Design is your competitive moat. With hundreds of thousands of stores in popular categories like Apparel and Beauty, the brands that stand out are the ones investing in design, UX, and brand identity. A well-designed Shopify store doesn’t just look good, it converts better, builds more trust, and keeps customers coming back.
Small catalogs can win big. The data shows most Shopify merchants sell fewer than 25 products. That’s not a weakness. Some of the most successful stores we’ve featured at ecomm.design are one-product or small-catalog brands that nail their positioning and shopping experience.
Geography matters less than it used to. Shopify operates in 235+ countries. If you’re a brand in South Africa, Brazil, or Pakistan, you’re not an outlier — you’re part of a growing global merchant community. Shopify’s infrastructure supports international selling in a way that levels the playing field.
How We Compiled This Data
The stats in this article come from a combination of BuiltWith technology tracking, Exploding Topics’ analysis, Store Leads’ live-store database, StoreInspect’s detailed sample study, and Cropink’s live-vs-active verification. We cross-referenced multiple sources to ensure accuracy and clearly noted where methodologies differ.
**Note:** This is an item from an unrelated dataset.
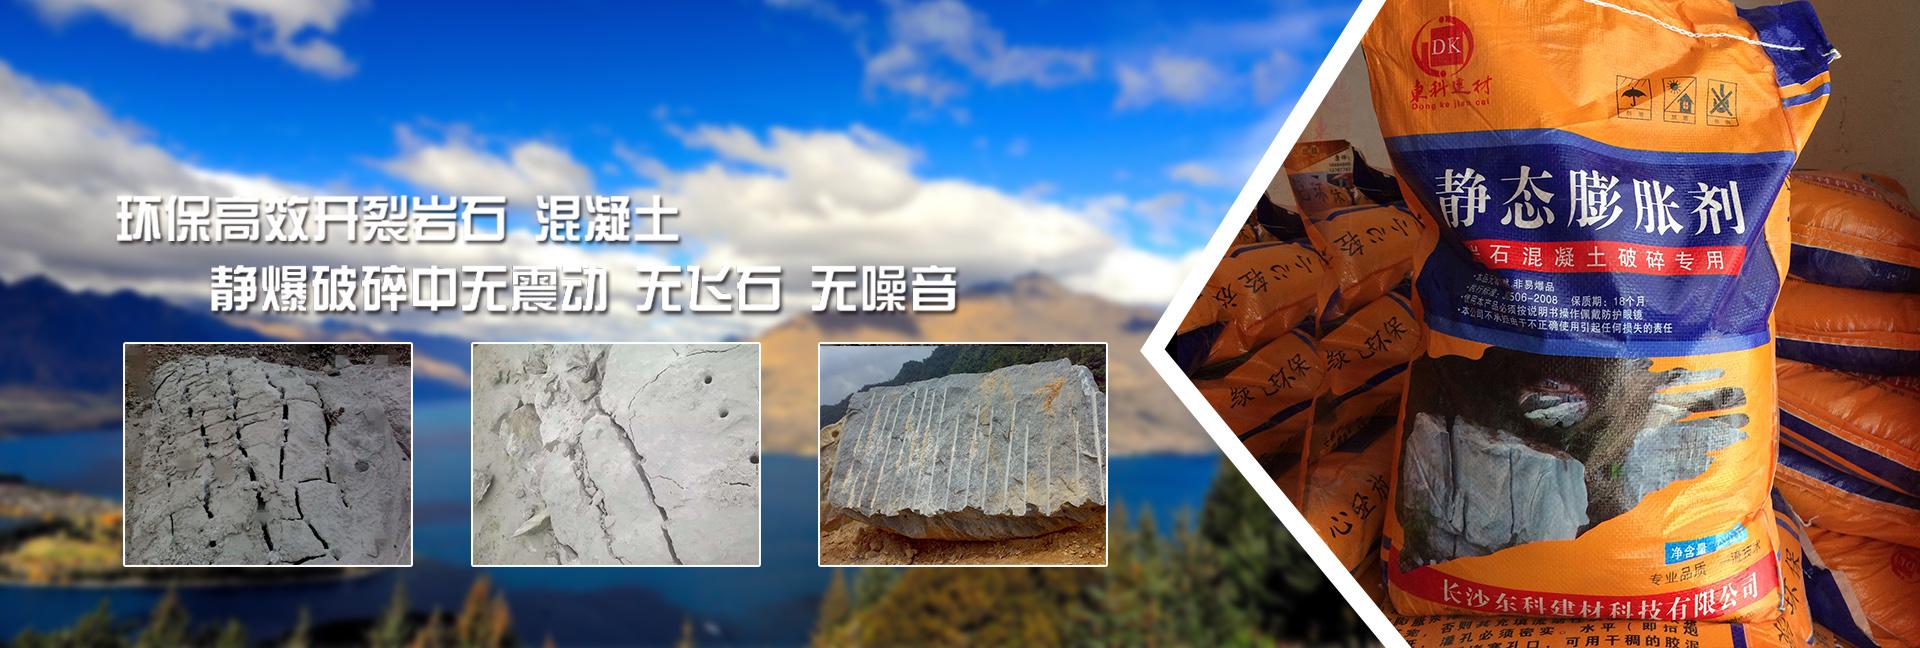 长沙bwin国际官方网站建材科技有限公司

Where numbers conflict between sources, we’ve presented the range and explained why the discrepancy exists. For the most up-to-date figures, we recommend checking BuiltWith’s Shopify dashboard and Exploding Topics’ regularly updated store-count page.
The Bottom Line
Shopify has roughly 6.9 million live stores and close to 12 million created all-time. It pulls in 350+ million monthly visits, controls ~30% of US ecommerce, and operates in virtually every country on the planet.
But the raw numbers only tell part of the story. The real number of stores that are actively trading and competing for customers is closer to 2.5–3.5 million. Most are small catalogs. Many are in the Apparel, Home, and Beauty spaces. And the ones that succeed tend to be the ones that take design, branding, and customer experience seriously.
If you’re building on Shopify in 2026 — or thinking about it — the opportunity is still enormous. The platform isn’t going anywhere, and the merchants who invest in standing out (not just showing up) will be the ones who thrive.